12. A layered sensor element comprising:

an insulation;

a heater printed conductor situated in a layer plane of the sensor element, the heater printed conductor including a heater and a heater lead, the heater printed conductor being embedded in the insulation; and

a sealing frame surrounding the insulation in a layer plane of the heater printed conductor at least in some areas, wherein an extension of the sealing frame in a direction parallel to a layer plane of the sensor element and perpendicular to a longitudinal axis of the sensor element at least in some areas amounts to at least 25 percent of an extension of the sensor element in the direction.

13. The sensor element according to claim 12, wherein the sensor element is for detecting a physical variable of a measuring gas.

14. The sensor element according to claim 13, wherein the physical variable is a temperature.

15. The sensor element according to claim 13, wherein the physical variable is a concentration of a gas component.

16. The sensor element according to claim 12, wherein the extension of the sealing frame in the direction parallel to the layer plane of the sensor element and perpendicular to the longitudinal axis of the sensor element is in a range of 30 percent to 80 percent of the extension of the sensor element in the direction.

17. The sensor element according to claim 12, wherein the sealing frame has a solid electrolyte, zirconium oxide stabilized by yttrium oxide.

18. The sensor element according to claim 12, further comprising first and second solid electrolyte films, and wherein the sealing frame, the insulation, and the heater printed conductor are situated between the first and second solid electrolyte films, and the sealing frame surrounds the insulation and extends to an outside surface of the sensor element.

19. The sensor element according to claim 12, wherein the heater printed conductor has the heater in a measuring area of the sensor element, and the heater leads leading to the heater in a feed area of the sensor element.

20. The sensor element according to claim 19, wherein the extension of the sealing frame in the direction parallel to the layer plane of the sensor element and perpendicular to the longitudinal axis of the sensor element in the feed area amounts to at least 25 percent of the extension of the sensor element in the direction.

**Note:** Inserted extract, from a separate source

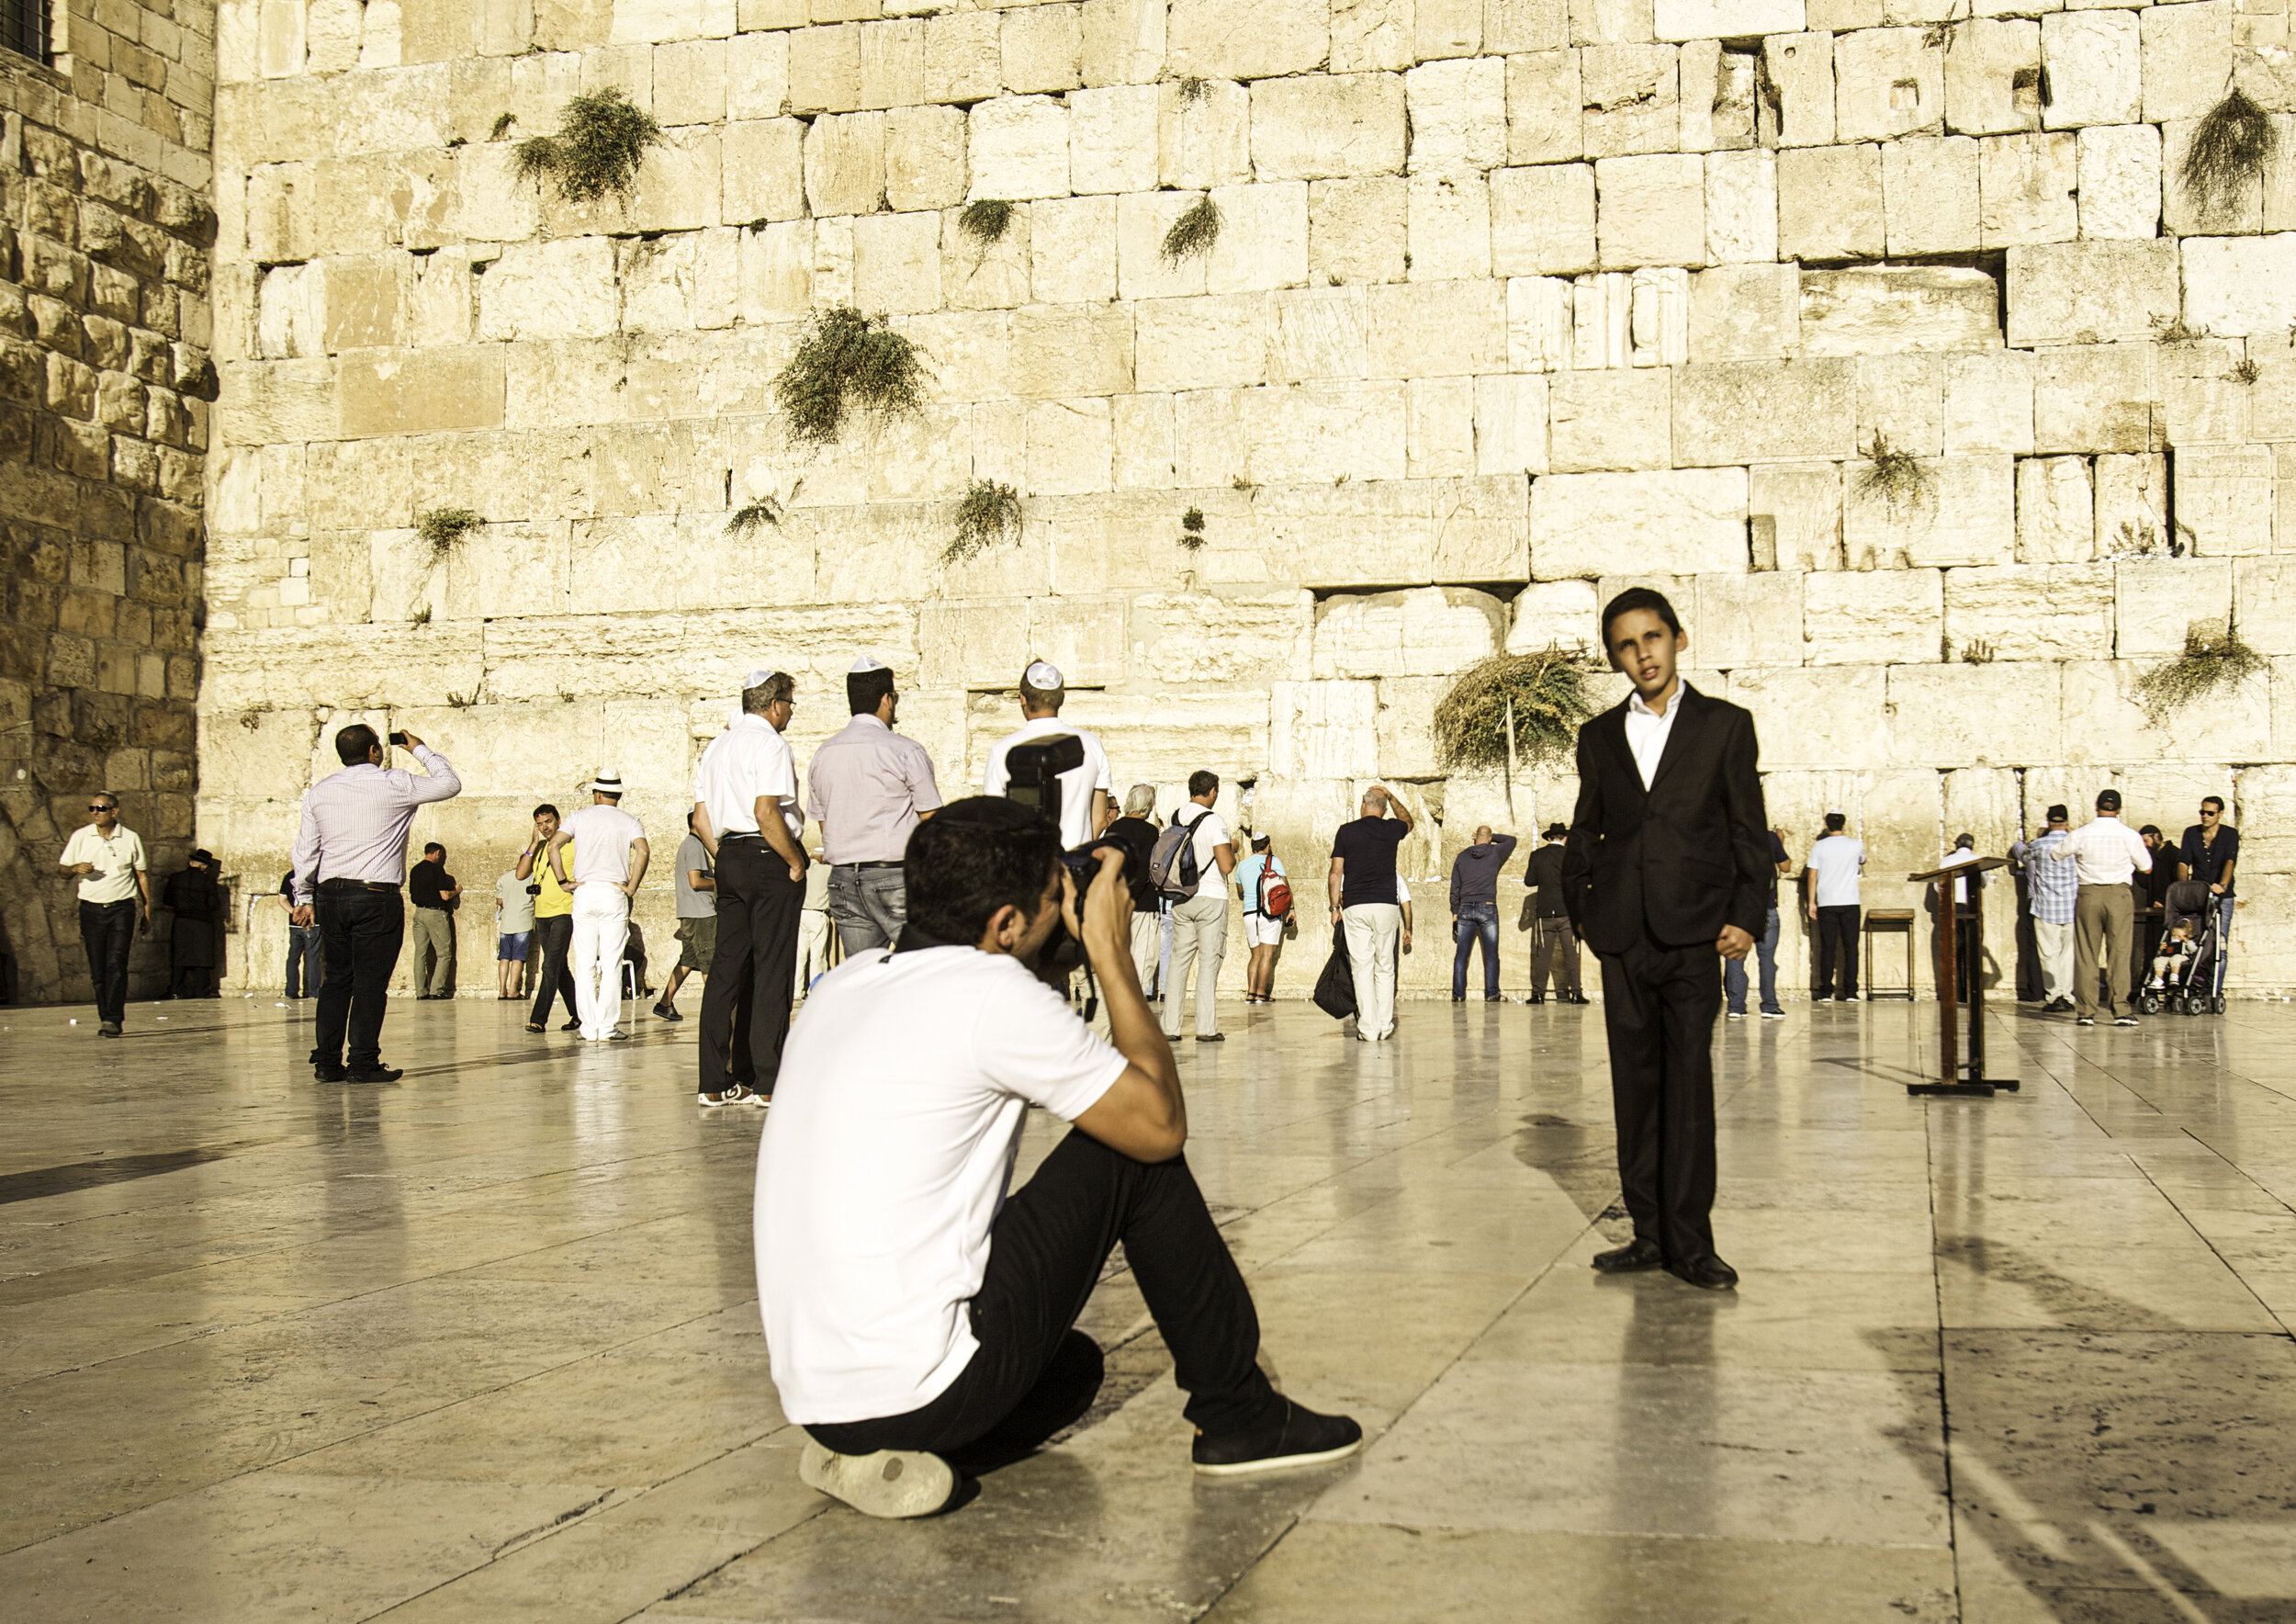 Western Wall, Jerusalem - Israel / 2013

21. The sensor element according to claim 20, wherein the extension of the sealing frame in the direction in the feed area amounts to 30 percent to 80 percent of the extension of the sensor element in the direction.

22. The sensor element according to claim 12, wherein the heater printed conductor includes heater leads situated in different layer planes of the sensor element.

23. The sensor element according to claim 12, wherein at least one of (a) the insulation has a higher porosity than the sealing frame and (b) the sealing frame is gas-tight.

24. The sensor element according to claim 12, wherein a layer thickness of the sealing frame and the heater printed conductor having insulation is in a range of 52 μm to 74 μm.

25. The sensor element according to claim 24, wherein the layer thickness is 60 μm.

26. The sensor element according to claim 12, further comprising at least one electrochemical cell having a first electrode and a second electrode as well as a solid electrolyte situated between the first and the second electrode, a reference gas space, which contains a reference gas and in which the first electrode is situated, being situated in the sensor element.

27. The sensor element according to claim 12, wherein the sealing frame contains an admixture of silicon oxide of 0.1 percent to 1.0 percent by weight.

28. The sensor element according to claim 27, wherein the admixture of silicon oxide is 0.5 percent by weight.